╭──

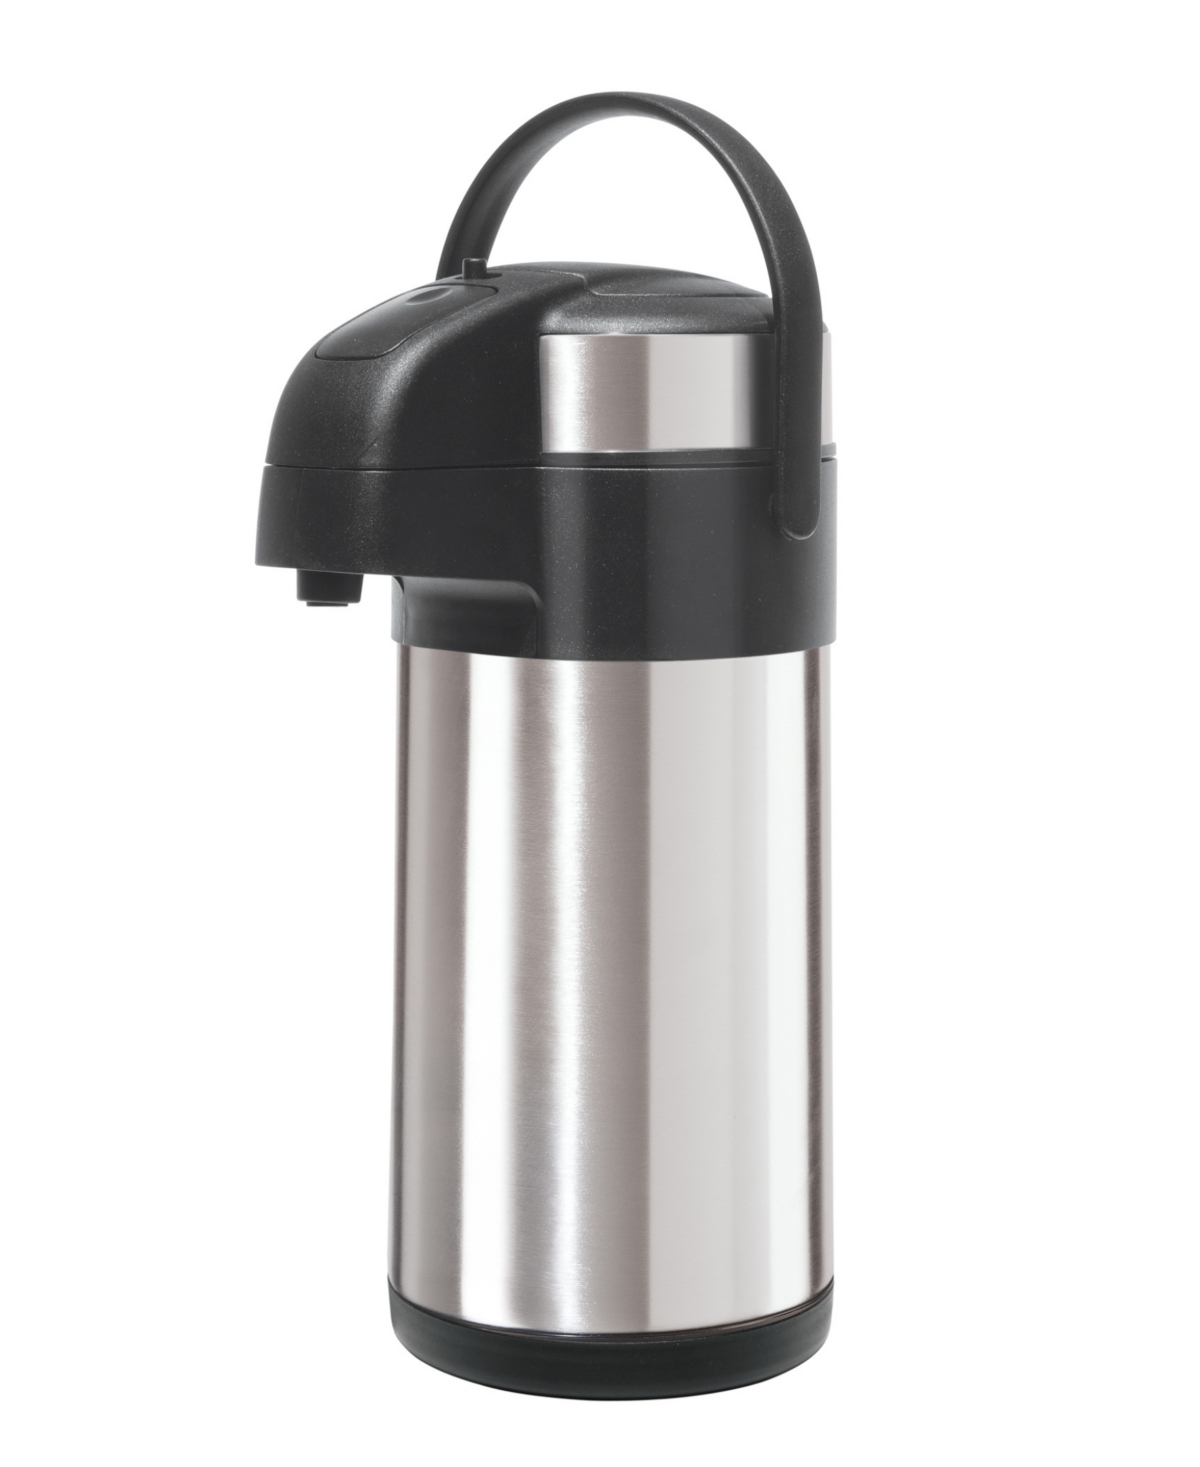 Oggi 3 Litre Air King Carafe In Stainless Steel
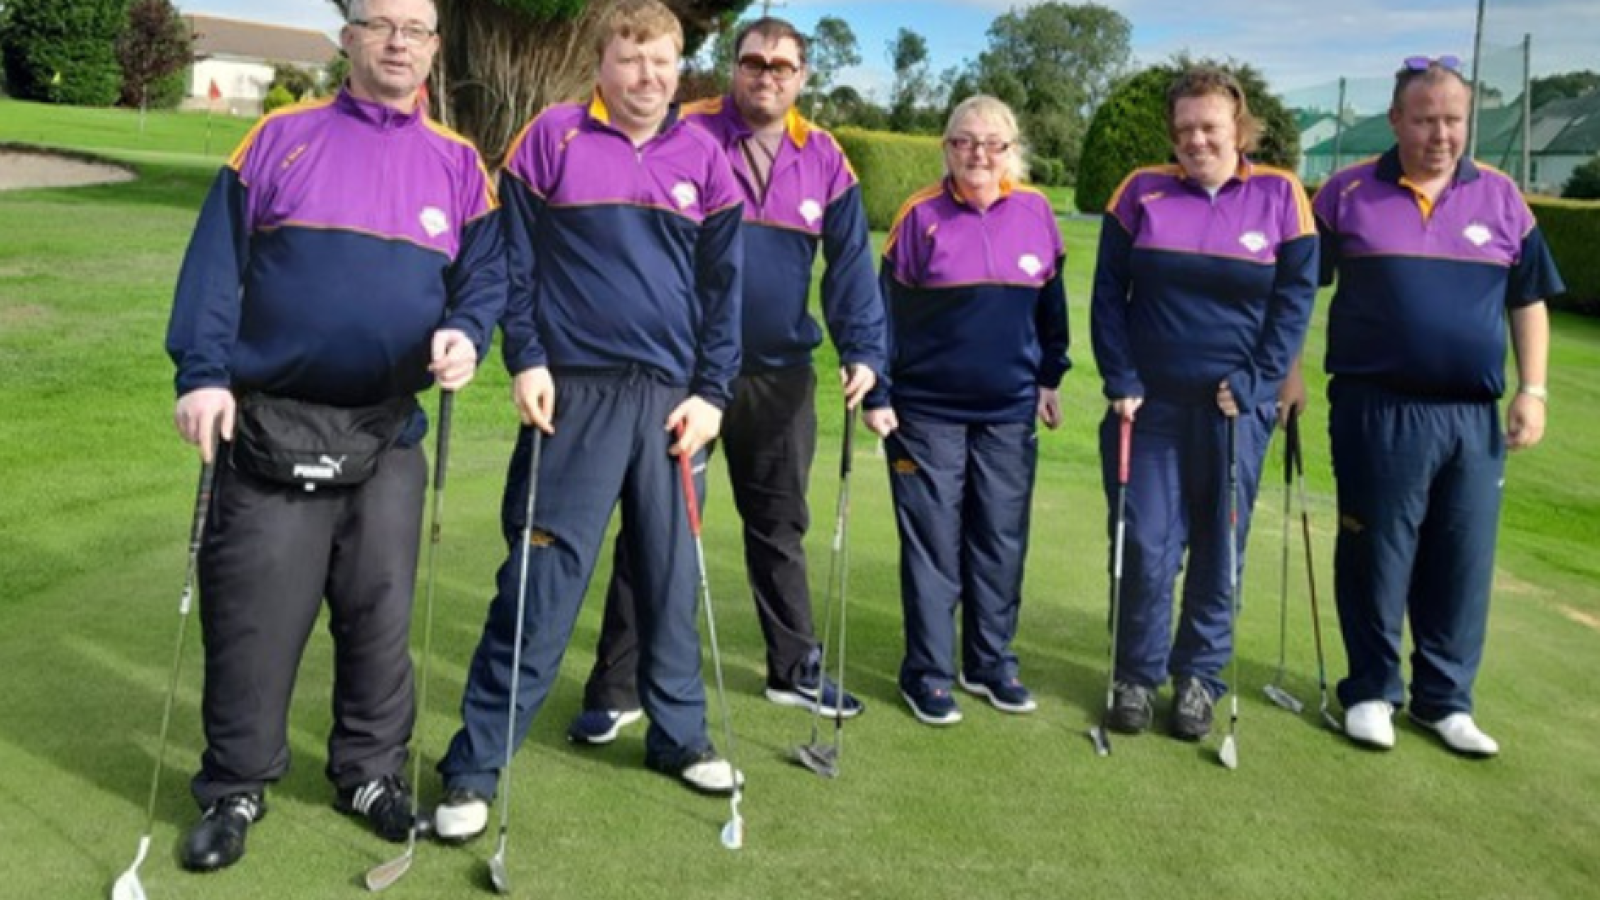 Group of athletes stand on golf course posing for photograph
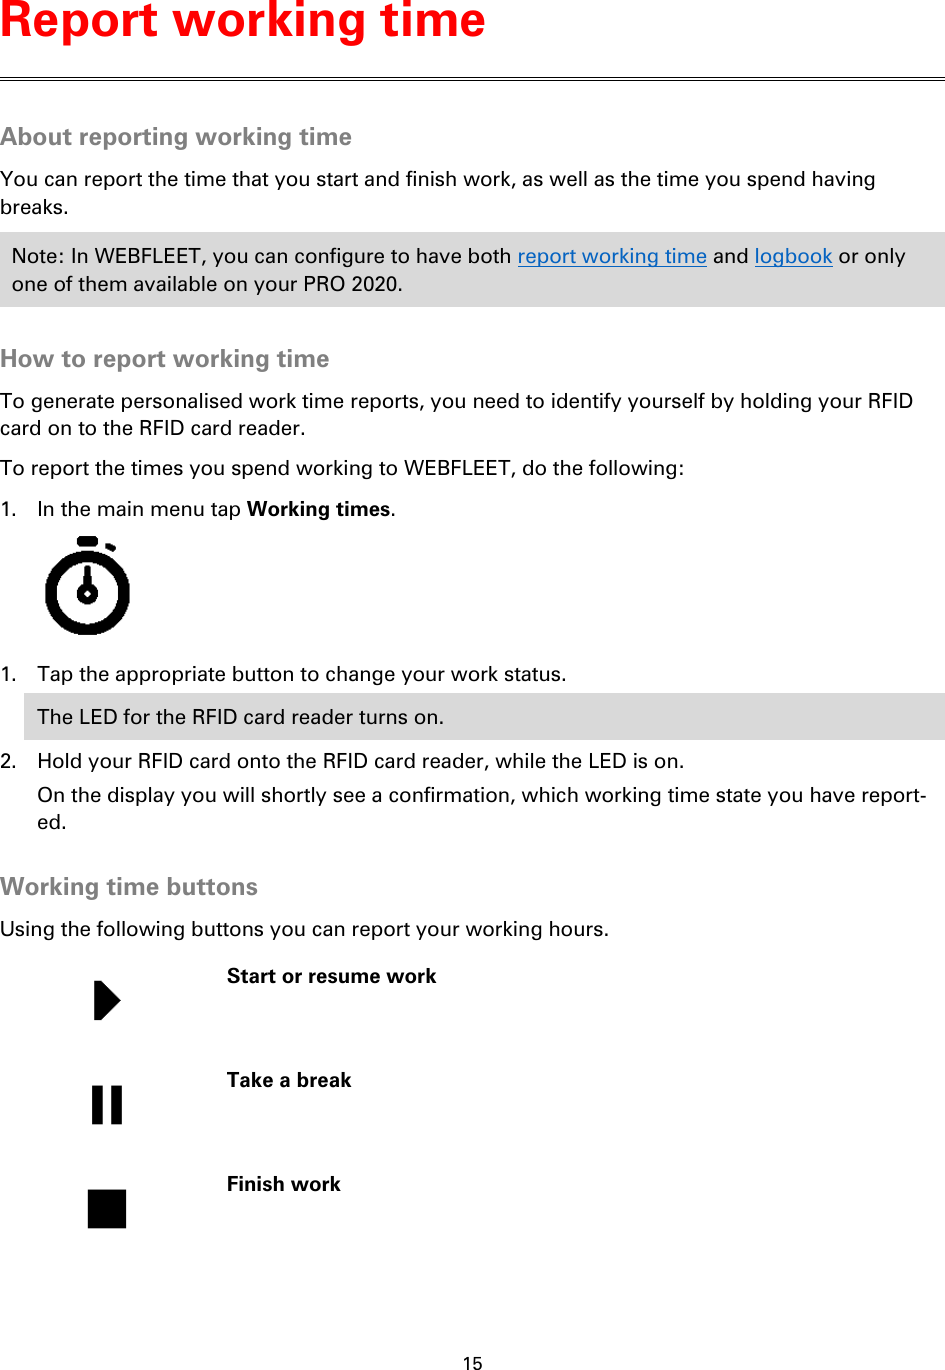 15    About reporting working time You can report the time that you start and finish work, as well as the time you spend having breaks. Note: In WEBFLEET, you can configure to have both report working time and logbook or only one of them available on your PRO 2020.  How to report working time To generate personalised work time reports, you need to identify yourself by holding your RFID card on to the RFID card reader. To report the times you spend working to WEBFLEET, do the following: 1. In the main menu tap Working times.  1. Tap the appropriate button to change your work status. The LED for the RFID card reader turns on. 2. Hold your RFID card onto the RFID card reader, while the LED is on. On the display you will shortly see a confirmation, which working time state you have report-ed.  Working time buttons Using the following buttons you can report your working hours.   Start or resume work   Take a break   Finish work  Report working time

╰──

(Task prompt): When you set down the material above, keep every word exact and include no pictures.

(Solution):
 Oggi 3 Litre Air King Carafe In Stainless Steel
 Group of athletes stand on golf course posing for photograph
 15    About reporting working time You can report the time that you start and finish work, as well as the time you spend having breaks. Note: In WEBFLEET, you can configure to have both report working time and logbook or only one of them available on your PRO 2020.  How to report working time To generate personalised work time reports, you need to identify yourself by holding your RFID card on to the RFID card reader. To report the times you spend working to WEBFLEET, do the following: 1. In the main menu tap Working times.  1. Tap the appropriate button to change your work status. The LED for the RFID card reader turns on. 2. Hold your RFID card onto the RFID card reader, while the LED is on. On the display you will shortly see a confirmation, which working time state you have report-ed.  Working time buttons Using the following buttons you can report your working hours.   Start or resume work   Take a break   Finish work  Report working time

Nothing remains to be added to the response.